Exercise objective — From the first line to the last, copy the material word for word; pictures stay out.

Information supplied —
# # # # # # #
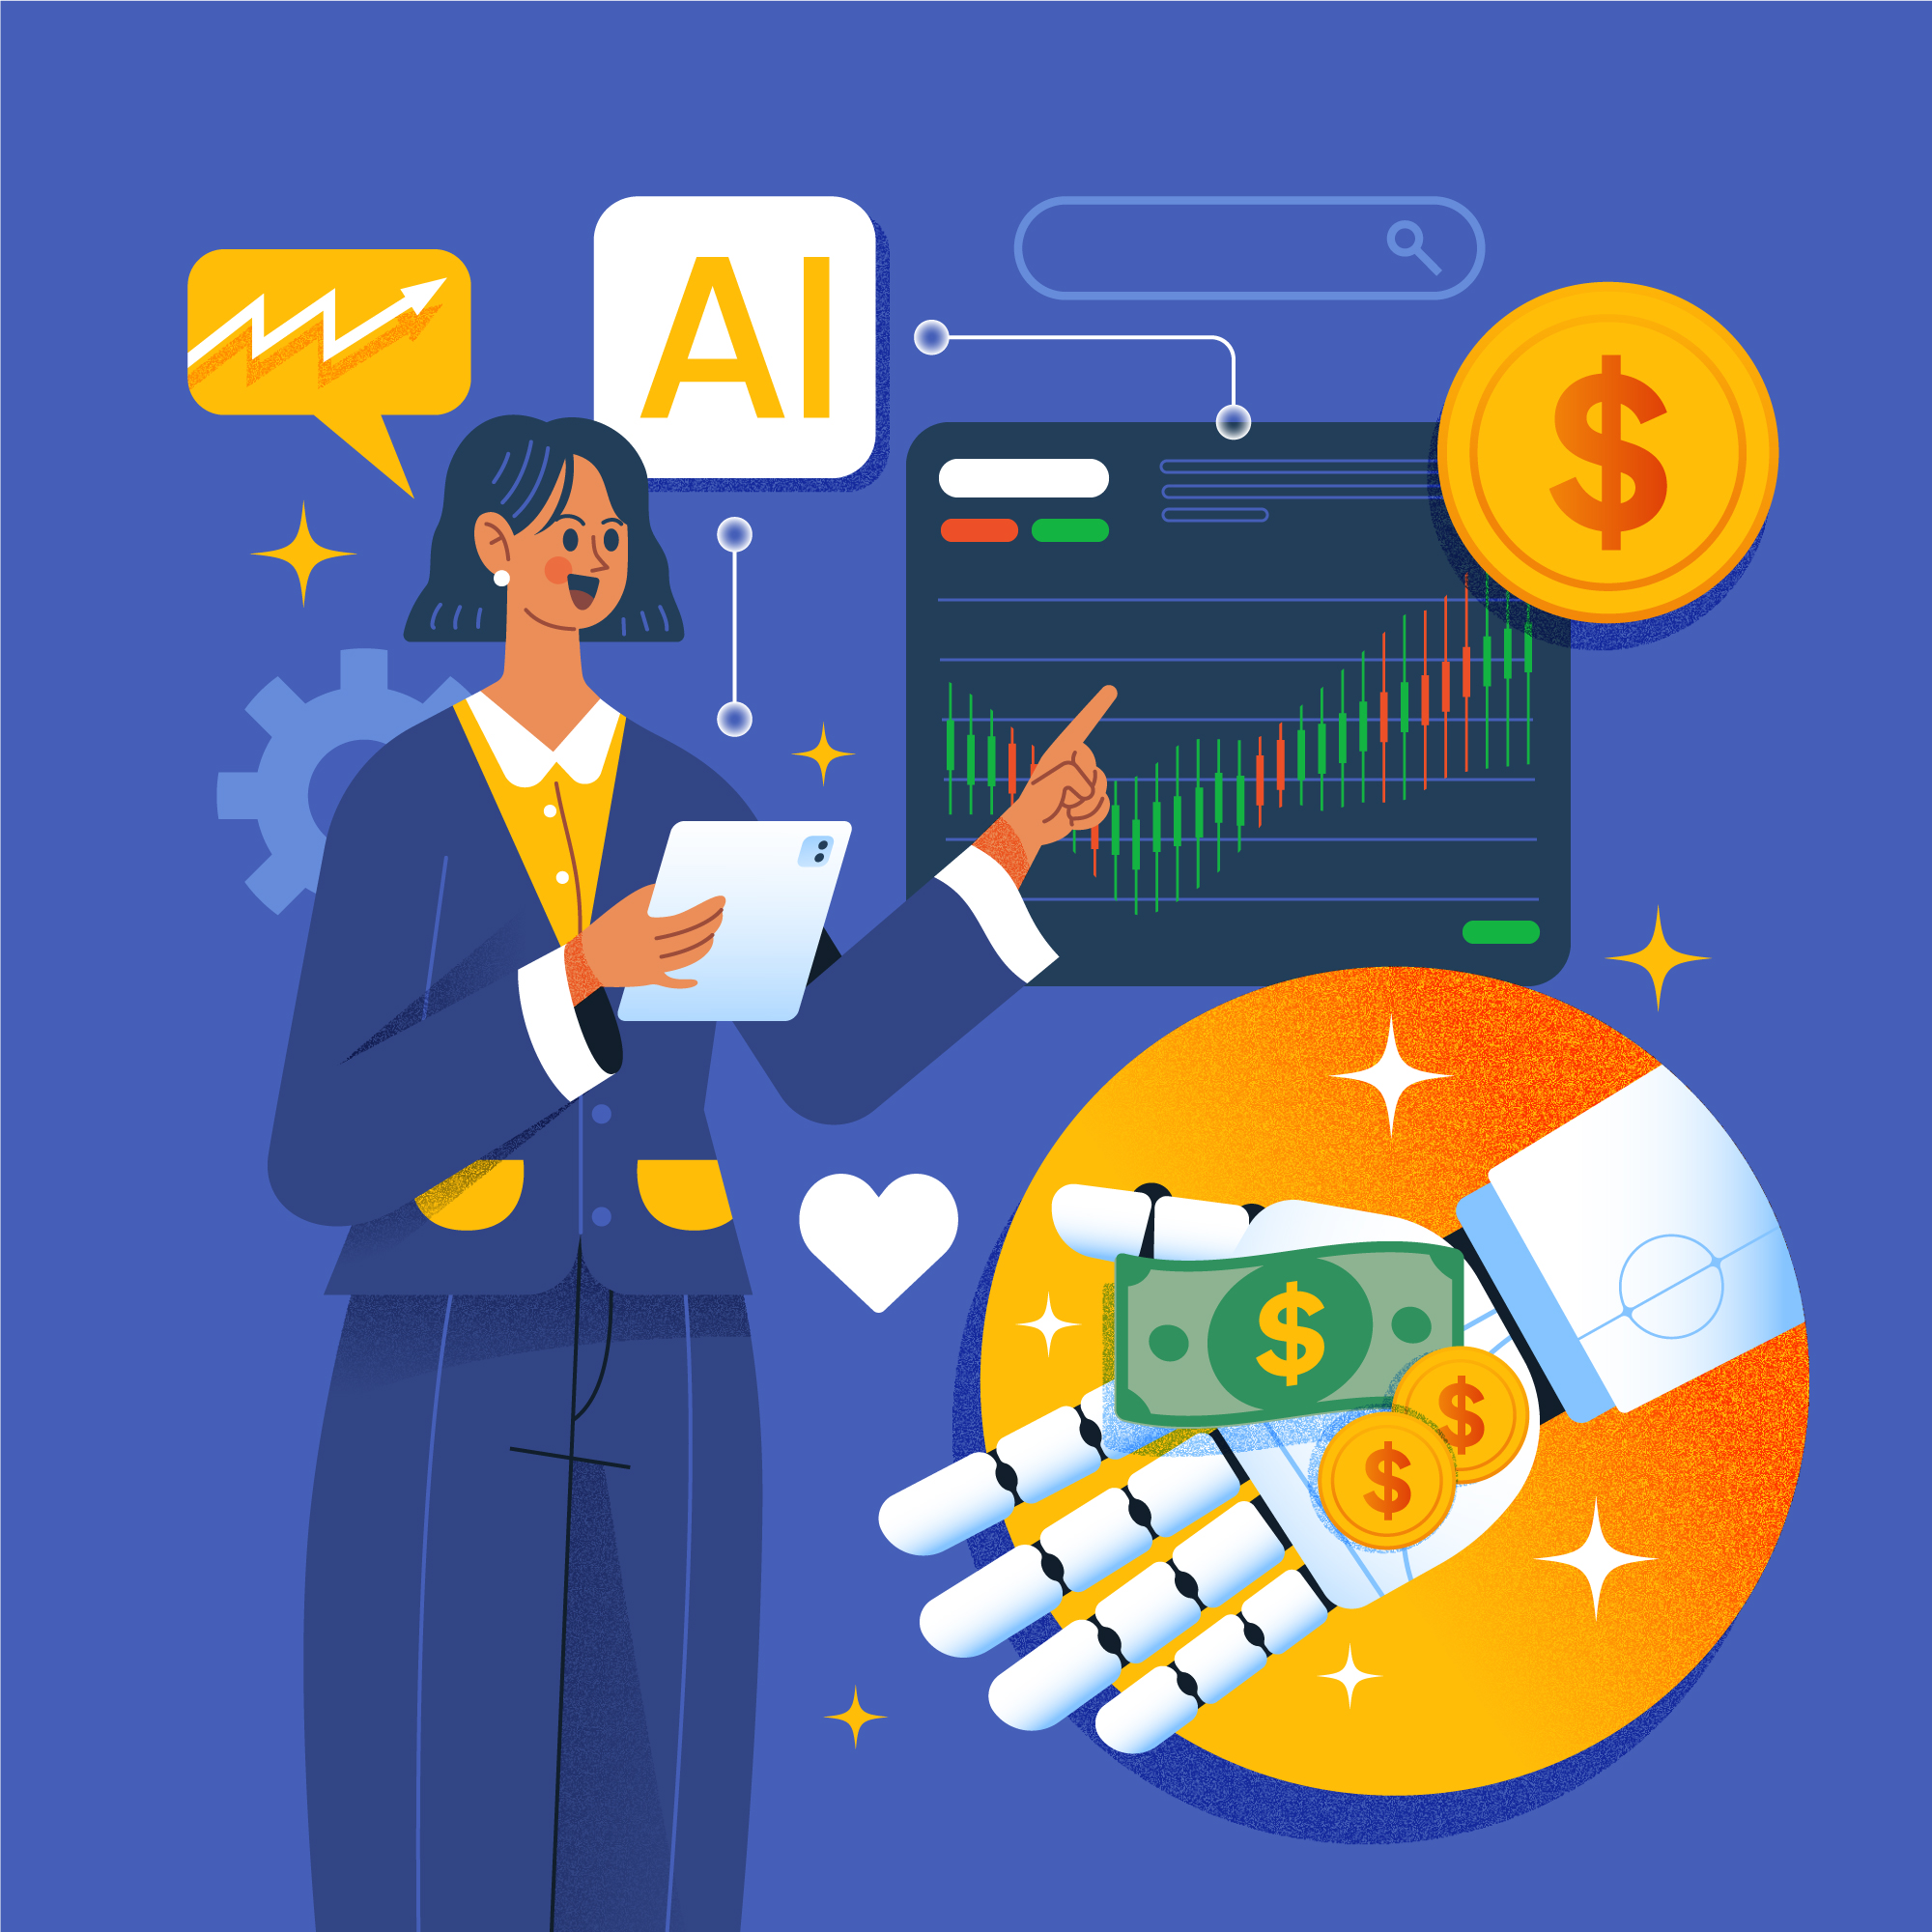 AI marketing tools
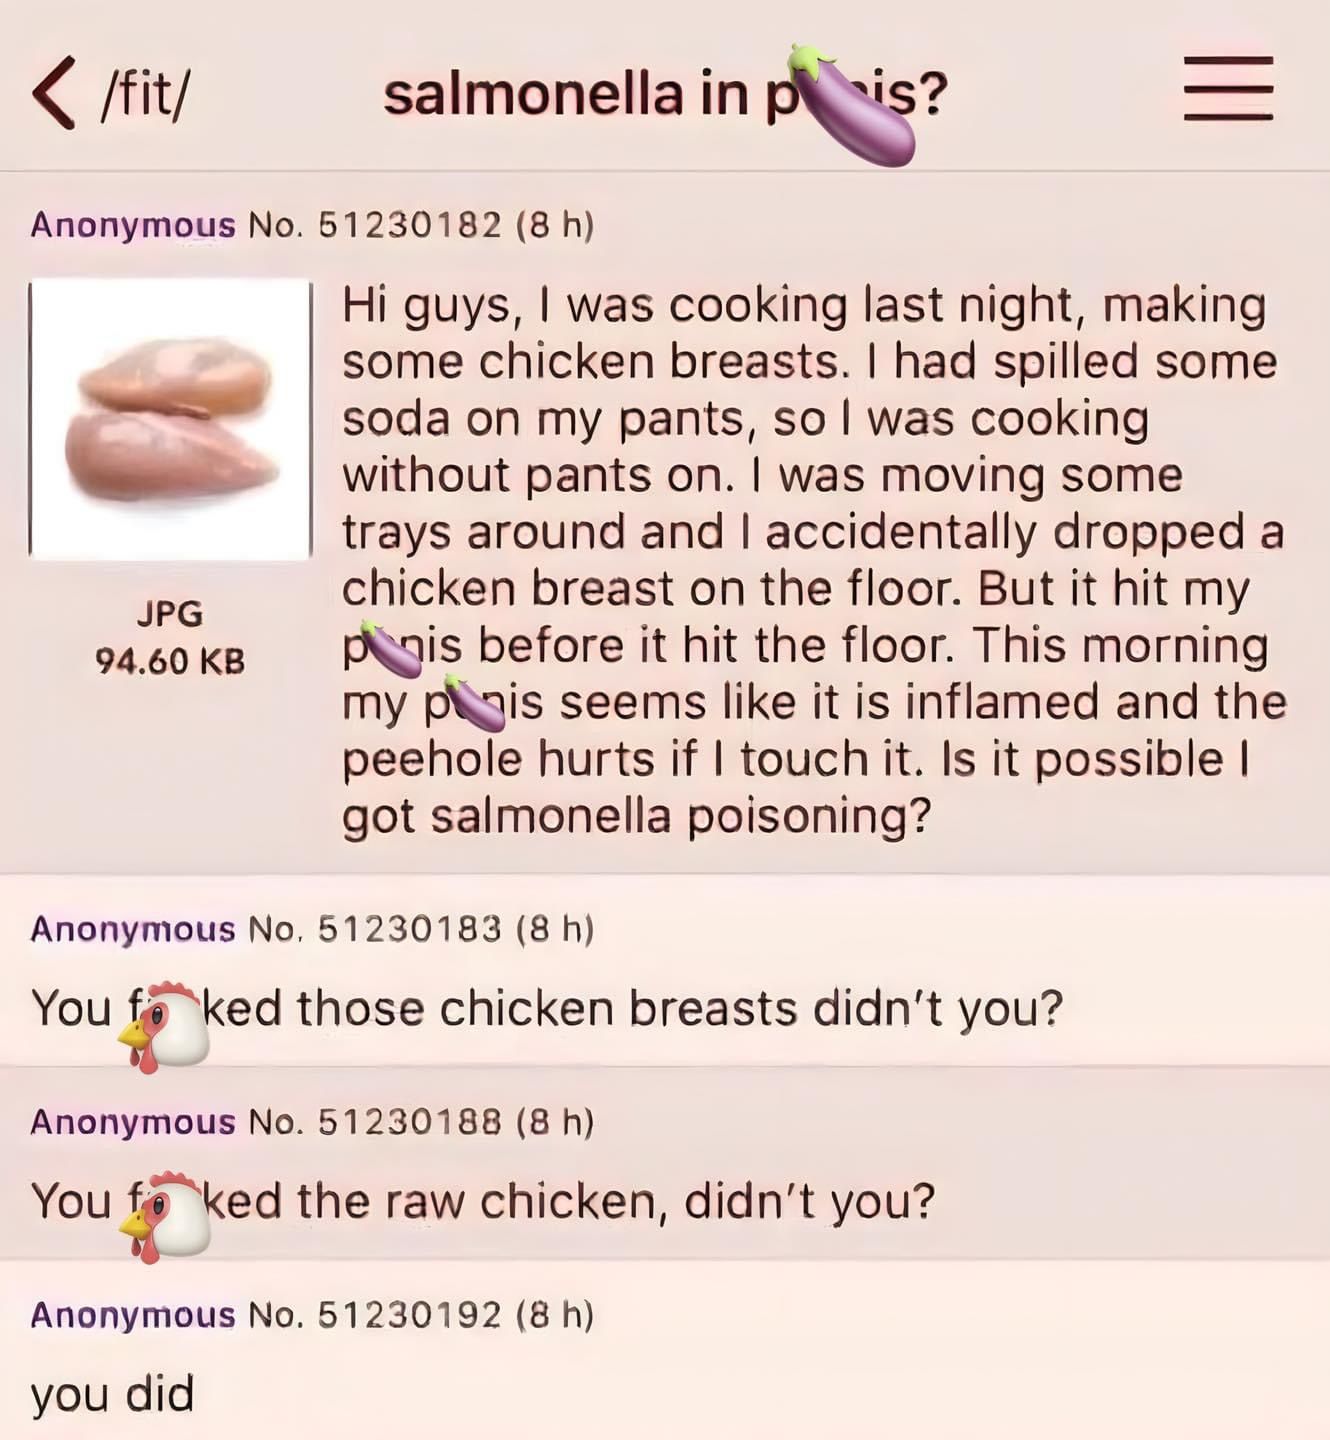 The salmonella incident
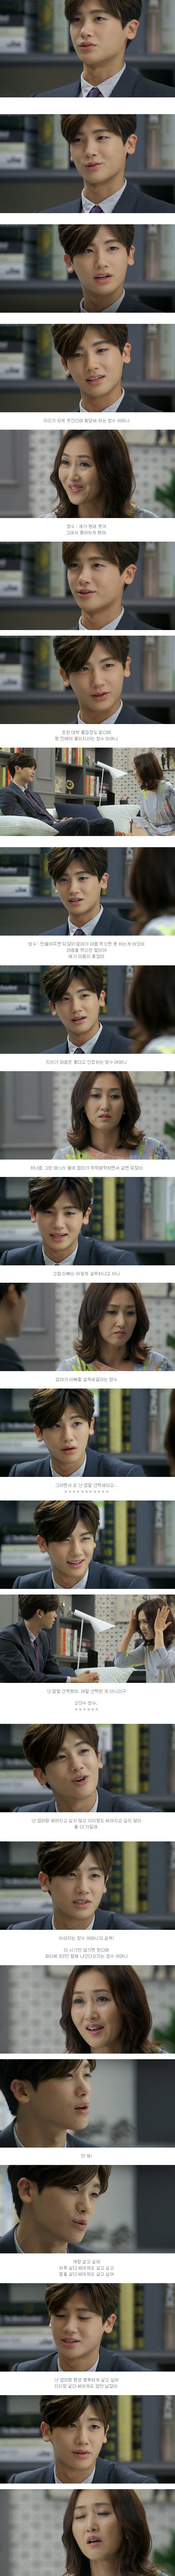 episode 16 captures for the Korean drama 'High Society'
# # # # # # #
Answer section —
 AI marketing tools
 The salmonella incident
 episode 16 captures for the Korean drama 'High Society'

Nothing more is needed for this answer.